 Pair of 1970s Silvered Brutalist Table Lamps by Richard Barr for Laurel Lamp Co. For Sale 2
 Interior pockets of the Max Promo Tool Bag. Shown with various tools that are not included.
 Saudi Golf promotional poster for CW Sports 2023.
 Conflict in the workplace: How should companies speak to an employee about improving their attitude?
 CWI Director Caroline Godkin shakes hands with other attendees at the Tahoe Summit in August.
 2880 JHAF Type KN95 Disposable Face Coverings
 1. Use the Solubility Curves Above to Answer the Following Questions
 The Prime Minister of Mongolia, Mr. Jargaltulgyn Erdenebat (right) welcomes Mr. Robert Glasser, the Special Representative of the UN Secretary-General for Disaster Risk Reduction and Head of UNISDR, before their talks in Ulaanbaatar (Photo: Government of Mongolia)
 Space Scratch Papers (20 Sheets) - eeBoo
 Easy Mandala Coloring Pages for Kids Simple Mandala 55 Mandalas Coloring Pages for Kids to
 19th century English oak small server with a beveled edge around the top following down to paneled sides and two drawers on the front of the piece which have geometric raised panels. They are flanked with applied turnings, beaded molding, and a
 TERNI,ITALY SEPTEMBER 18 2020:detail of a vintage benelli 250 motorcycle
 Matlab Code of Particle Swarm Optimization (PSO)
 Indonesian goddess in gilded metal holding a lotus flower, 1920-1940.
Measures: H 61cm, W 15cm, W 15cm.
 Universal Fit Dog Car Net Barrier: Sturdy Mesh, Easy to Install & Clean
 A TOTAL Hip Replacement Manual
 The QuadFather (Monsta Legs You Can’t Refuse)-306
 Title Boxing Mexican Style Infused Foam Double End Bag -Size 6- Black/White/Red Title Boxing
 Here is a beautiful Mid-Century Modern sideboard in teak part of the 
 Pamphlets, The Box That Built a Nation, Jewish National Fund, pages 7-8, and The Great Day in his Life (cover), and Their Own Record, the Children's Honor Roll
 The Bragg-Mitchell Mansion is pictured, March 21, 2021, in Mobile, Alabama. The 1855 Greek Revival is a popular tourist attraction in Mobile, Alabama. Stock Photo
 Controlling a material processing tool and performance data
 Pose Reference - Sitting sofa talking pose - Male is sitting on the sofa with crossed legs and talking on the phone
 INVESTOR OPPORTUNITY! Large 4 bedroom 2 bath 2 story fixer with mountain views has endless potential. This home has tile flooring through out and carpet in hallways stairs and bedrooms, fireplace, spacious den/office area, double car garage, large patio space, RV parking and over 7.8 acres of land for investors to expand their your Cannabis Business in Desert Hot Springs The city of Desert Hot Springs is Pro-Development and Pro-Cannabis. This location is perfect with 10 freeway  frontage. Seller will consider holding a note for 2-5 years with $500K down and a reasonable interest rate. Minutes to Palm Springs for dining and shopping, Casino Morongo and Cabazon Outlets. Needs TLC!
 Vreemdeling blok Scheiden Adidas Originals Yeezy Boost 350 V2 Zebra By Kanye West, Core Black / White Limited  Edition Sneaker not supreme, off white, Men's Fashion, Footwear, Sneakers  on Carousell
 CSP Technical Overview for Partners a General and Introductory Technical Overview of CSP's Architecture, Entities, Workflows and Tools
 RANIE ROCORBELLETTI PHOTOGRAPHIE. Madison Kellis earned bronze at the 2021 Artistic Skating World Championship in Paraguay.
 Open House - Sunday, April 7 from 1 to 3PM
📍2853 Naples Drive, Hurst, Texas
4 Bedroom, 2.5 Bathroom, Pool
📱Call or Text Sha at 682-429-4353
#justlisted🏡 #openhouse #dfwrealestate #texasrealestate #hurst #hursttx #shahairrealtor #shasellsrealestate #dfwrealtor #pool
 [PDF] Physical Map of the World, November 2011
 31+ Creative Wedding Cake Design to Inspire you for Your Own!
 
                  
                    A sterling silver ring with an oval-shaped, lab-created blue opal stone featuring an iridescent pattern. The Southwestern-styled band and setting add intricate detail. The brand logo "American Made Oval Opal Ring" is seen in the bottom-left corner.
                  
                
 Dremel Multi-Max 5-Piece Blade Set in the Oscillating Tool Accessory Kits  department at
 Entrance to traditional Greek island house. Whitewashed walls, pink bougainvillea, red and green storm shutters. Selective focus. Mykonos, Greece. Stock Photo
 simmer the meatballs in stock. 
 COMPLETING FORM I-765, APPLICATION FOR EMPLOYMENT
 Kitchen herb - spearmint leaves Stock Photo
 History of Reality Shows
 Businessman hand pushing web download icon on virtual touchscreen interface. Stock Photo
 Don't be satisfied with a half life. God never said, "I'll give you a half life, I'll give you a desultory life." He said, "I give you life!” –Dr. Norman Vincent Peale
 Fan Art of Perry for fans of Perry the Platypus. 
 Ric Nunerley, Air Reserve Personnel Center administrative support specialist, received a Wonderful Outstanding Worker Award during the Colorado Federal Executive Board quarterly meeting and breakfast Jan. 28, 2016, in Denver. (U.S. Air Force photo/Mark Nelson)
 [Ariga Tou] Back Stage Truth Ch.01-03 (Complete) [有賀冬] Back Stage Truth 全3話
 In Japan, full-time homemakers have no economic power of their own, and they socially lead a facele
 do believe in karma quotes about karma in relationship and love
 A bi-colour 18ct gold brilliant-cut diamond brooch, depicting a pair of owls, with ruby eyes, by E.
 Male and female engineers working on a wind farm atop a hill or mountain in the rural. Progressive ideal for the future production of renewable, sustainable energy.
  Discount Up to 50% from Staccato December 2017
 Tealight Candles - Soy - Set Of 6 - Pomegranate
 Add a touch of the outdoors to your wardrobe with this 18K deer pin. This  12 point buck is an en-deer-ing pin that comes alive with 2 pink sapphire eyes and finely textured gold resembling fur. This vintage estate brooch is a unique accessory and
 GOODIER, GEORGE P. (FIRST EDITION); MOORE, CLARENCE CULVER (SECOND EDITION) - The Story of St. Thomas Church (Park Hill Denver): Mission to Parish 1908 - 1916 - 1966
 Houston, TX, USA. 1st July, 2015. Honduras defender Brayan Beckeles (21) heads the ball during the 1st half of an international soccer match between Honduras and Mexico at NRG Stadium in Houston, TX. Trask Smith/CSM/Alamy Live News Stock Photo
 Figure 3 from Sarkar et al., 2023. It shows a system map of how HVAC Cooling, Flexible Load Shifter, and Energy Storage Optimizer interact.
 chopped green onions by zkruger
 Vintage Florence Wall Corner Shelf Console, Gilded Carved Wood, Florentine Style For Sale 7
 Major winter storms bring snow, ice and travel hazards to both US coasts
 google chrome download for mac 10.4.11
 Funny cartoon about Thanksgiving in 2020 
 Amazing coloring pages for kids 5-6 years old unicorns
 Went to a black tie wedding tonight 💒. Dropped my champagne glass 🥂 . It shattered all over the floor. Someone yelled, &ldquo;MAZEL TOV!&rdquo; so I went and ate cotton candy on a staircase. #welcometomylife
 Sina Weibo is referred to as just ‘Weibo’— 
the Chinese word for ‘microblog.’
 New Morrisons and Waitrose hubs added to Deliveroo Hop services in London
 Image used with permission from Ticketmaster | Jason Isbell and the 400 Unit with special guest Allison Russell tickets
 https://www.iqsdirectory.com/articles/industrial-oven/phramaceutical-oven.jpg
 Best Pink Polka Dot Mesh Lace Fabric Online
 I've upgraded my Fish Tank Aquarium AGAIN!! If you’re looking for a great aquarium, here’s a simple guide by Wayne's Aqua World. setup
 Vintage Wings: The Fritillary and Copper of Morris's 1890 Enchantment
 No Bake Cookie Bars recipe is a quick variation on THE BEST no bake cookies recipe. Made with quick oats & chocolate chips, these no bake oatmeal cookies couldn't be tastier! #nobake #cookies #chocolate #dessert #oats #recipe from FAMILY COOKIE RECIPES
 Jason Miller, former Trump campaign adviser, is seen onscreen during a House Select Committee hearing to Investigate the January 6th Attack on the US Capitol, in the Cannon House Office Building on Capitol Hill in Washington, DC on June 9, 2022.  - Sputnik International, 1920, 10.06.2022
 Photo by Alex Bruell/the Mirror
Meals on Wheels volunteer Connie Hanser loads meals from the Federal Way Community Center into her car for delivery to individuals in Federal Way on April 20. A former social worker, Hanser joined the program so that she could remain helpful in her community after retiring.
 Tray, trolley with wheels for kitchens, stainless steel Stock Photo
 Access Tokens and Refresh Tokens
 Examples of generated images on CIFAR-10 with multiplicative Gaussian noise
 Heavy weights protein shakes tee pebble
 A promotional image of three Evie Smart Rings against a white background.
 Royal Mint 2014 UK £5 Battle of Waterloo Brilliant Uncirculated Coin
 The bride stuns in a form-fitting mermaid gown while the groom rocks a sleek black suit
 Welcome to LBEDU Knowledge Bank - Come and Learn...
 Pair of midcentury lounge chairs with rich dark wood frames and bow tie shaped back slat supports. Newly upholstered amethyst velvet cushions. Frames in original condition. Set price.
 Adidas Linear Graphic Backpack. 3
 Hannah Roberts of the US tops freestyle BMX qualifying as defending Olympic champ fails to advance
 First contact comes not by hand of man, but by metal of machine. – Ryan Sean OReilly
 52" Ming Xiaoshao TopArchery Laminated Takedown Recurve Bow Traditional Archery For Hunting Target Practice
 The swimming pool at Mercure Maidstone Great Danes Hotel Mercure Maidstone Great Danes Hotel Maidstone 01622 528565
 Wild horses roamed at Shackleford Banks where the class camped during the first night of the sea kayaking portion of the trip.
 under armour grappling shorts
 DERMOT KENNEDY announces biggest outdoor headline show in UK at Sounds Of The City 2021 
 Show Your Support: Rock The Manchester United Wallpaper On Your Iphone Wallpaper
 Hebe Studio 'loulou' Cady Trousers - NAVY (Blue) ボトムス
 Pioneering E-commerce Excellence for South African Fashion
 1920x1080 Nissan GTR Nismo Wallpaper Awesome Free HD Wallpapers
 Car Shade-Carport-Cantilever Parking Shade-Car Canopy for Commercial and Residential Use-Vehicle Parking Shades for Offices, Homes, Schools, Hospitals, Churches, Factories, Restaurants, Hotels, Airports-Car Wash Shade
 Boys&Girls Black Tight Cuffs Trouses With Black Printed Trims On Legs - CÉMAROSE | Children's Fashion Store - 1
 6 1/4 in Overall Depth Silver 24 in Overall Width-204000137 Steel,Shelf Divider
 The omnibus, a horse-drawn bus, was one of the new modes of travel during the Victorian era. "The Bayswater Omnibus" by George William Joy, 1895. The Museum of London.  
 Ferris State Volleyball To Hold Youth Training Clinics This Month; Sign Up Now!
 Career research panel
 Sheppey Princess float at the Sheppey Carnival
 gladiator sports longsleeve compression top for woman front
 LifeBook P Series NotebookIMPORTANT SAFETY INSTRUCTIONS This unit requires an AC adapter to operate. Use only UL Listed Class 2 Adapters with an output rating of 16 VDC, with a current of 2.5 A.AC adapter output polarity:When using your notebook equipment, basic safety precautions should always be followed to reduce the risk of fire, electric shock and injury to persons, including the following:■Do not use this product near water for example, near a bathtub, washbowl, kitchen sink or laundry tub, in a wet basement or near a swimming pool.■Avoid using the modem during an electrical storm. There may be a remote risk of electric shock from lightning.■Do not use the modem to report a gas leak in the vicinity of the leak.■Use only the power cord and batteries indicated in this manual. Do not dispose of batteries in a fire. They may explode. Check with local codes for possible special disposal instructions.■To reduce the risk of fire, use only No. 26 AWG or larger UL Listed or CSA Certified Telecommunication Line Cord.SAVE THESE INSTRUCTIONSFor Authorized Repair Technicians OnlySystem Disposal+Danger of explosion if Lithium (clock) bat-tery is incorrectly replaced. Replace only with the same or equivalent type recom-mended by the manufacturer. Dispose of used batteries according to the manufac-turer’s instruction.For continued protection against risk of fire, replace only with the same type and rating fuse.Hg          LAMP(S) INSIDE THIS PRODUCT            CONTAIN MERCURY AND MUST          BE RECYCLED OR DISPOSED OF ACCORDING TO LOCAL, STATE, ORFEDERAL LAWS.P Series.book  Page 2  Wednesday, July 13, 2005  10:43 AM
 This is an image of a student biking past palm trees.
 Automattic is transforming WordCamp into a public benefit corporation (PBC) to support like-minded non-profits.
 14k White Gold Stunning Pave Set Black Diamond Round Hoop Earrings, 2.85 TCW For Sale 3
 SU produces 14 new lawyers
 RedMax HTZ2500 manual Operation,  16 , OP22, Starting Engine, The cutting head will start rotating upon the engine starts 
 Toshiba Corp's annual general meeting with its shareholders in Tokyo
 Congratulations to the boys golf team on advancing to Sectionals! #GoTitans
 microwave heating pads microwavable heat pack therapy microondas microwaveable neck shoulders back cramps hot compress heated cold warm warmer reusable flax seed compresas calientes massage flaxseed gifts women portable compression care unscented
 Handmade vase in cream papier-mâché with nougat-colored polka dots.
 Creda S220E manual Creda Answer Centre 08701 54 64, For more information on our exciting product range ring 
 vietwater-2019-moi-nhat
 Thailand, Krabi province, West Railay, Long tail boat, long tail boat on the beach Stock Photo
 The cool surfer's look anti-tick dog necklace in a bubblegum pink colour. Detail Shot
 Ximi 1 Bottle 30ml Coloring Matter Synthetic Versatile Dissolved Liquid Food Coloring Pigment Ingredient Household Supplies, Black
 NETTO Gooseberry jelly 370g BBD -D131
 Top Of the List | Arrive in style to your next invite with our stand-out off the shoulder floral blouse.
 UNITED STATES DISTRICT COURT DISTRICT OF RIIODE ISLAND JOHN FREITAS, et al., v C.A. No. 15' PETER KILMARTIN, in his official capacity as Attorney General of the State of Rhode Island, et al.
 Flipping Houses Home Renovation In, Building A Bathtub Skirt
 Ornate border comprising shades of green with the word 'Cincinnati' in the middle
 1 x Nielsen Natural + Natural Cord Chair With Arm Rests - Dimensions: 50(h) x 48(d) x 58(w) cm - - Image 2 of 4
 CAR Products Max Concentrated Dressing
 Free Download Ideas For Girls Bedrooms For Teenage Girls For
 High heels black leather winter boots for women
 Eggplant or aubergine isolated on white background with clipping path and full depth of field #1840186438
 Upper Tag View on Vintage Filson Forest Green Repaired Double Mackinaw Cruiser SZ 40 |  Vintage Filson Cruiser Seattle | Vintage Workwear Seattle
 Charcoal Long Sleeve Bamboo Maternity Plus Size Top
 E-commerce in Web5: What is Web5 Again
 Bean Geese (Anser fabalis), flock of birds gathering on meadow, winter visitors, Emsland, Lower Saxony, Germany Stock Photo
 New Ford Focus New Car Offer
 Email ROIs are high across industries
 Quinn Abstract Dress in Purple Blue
- - - - - - -
Using the material above, count the lines containing the word "women". Reply with the number alone.

2